**TASK PROMPT**: Within the entries that follow, show each line where the word "Glass" occurs.

Source data:

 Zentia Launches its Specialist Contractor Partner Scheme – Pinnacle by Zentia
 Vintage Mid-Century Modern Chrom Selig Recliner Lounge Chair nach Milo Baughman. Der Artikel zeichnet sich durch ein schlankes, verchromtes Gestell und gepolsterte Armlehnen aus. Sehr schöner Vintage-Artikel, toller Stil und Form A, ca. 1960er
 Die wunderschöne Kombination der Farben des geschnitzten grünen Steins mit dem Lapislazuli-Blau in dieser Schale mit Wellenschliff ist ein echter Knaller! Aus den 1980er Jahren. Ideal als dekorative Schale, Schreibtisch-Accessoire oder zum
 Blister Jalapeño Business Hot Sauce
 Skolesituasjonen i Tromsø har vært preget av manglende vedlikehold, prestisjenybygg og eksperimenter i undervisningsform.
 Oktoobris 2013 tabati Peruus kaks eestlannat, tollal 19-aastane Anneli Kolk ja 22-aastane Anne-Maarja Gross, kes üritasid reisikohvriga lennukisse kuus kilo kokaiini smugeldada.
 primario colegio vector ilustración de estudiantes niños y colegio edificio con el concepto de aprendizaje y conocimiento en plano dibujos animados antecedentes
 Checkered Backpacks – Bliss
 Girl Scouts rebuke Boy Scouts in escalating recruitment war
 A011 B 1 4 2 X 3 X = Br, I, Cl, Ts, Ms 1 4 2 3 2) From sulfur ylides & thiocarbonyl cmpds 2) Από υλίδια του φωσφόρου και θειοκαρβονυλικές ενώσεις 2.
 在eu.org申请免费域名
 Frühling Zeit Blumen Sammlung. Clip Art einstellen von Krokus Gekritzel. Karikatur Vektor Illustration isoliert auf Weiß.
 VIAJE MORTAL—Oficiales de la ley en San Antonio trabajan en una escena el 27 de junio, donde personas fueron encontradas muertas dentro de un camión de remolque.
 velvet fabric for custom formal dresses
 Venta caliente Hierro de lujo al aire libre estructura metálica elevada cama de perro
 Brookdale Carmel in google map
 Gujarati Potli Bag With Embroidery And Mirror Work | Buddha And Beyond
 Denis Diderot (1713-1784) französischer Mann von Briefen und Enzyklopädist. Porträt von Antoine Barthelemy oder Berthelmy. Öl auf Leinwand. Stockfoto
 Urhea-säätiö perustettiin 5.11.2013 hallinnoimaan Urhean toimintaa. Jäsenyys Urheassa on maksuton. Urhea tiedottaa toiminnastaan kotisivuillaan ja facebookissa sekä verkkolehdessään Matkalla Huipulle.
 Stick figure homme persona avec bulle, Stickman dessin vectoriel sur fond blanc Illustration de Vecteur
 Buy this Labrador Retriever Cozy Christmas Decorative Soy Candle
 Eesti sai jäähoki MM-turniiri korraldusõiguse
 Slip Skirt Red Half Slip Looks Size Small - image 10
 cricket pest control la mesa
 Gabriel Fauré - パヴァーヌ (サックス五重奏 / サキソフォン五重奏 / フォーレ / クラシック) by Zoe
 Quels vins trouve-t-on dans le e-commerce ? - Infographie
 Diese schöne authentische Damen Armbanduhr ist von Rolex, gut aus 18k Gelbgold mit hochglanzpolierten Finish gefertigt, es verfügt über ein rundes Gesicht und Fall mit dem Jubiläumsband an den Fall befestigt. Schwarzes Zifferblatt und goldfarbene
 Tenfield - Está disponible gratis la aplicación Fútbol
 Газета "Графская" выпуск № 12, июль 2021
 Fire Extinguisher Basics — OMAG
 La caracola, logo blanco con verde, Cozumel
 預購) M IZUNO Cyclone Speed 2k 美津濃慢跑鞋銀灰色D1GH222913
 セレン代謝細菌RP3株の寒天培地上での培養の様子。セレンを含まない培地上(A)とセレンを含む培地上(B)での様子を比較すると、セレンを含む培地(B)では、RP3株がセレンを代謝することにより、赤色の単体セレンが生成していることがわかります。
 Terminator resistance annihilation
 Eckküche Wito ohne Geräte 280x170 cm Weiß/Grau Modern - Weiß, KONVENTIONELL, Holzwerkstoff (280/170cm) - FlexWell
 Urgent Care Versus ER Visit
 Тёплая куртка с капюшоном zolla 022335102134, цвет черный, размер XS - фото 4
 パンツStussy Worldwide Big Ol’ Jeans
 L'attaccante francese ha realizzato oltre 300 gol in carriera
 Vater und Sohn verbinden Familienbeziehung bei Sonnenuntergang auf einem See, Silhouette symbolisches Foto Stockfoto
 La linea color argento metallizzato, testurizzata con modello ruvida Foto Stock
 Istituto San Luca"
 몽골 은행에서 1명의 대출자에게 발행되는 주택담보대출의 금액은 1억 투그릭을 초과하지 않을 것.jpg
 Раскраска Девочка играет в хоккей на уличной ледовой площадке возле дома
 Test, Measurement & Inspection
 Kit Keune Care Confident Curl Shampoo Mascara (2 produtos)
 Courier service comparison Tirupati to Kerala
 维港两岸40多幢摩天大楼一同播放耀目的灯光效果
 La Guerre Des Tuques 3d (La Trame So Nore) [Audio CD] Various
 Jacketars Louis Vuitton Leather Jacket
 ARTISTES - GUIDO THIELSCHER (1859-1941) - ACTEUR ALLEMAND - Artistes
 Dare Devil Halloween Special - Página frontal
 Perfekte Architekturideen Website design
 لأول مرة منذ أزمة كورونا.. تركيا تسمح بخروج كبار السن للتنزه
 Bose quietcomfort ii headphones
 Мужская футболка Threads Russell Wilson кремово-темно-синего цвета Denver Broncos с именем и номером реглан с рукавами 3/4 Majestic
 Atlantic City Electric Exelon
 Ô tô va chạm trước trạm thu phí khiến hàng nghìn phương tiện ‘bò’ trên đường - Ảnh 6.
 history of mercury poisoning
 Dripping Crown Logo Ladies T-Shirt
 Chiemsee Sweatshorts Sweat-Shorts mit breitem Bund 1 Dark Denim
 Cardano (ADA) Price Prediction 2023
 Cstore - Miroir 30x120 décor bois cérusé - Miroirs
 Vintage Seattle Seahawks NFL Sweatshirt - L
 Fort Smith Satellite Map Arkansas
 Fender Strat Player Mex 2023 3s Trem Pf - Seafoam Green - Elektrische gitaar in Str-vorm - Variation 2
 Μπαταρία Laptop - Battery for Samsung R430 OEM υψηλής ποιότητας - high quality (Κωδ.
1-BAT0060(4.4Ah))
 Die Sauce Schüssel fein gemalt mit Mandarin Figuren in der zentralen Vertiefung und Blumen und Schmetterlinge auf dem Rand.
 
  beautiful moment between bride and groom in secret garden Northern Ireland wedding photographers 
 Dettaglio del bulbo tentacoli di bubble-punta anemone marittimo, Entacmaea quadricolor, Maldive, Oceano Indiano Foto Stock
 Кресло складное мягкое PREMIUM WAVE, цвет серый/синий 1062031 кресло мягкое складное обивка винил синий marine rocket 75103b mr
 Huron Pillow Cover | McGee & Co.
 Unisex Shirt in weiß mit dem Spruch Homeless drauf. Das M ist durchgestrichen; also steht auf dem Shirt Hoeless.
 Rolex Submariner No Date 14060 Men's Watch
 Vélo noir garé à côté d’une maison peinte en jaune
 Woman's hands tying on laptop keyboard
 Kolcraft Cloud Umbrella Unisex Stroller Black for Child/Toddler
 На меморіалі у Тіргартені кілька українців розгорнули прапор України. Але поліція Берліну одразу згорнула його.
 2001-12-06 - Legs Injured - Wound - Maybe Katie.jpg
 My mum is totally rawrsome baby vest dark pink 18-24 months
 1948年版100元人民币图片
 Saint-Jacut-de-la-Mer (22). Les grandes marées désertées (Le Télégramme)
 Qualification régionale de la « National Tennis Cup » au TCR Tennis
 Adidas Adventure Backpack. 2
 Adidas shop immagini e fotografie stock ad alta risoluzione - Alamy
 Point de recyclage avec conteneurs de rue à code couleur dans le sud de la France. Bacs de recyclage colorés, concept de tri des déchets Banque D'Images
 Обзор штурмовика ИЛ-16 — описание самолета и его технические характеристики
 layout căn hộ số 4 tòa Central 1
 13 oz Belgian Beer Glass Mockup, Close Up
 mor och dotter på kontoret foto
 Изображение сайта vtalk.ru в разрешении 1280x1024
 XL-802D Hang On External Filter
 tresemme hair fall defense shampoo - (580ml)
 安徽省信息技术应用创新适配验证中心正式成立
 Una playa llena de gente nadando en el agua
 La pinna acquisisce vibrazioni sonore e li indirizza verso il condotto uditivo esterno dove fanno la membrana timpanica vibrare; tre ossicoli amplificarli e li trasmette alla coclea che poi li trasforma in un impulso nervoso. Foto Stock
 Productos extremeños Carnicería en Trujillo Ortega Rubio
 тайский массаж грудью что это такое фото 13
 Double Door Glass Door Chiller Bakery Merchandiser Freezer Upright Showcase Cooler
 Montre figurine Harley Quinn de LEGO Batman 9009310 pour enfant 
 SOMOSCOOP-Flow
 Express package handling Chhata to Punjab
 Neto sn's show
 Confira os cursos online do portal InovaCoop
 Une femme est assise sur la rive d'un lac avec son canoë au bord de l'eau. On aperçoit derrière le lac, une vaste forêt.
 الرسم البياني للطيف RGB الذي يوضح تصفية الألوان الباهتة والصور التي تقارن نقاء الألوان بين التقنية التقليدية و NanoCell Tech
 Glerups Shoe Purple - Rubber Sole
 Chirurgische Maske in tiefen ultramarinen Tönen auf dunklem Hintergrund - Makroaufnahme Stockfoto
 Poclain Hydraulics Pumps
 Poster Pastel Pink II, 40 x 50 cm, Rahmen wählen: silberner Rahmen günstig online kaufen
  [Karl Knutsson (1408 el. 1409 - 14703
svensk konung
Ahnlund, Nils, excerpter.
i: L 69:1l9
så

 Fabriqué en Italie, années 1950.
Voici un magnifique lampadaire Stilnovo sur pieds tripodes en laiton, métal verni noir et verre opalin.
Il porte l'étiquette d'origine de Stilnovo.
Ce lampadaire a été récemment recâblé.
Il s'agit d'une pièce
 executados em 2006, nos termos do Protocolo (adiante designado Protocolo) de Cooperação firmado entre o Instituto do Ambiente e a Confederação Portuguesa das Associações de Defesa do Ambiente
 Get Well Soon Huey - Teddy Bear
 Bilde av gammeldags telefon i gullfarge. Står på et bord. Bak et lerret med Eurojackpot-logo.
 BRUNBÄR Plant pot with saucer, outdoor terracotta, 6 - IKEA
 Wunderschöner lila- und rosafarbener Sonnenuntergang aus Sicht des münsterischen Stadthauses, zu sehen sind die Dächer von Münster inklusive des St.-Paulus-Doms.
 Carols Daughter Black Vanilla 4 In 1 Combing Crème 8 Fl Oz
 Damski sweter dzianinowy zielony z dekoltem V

**PROBLEM SOLUTION**:
 13 oz Belgian Beer Glass Mockup, Close Up
 Double Door Glass Door Chiller Bakery Merchandiser Freezer Upright Showcase Cooler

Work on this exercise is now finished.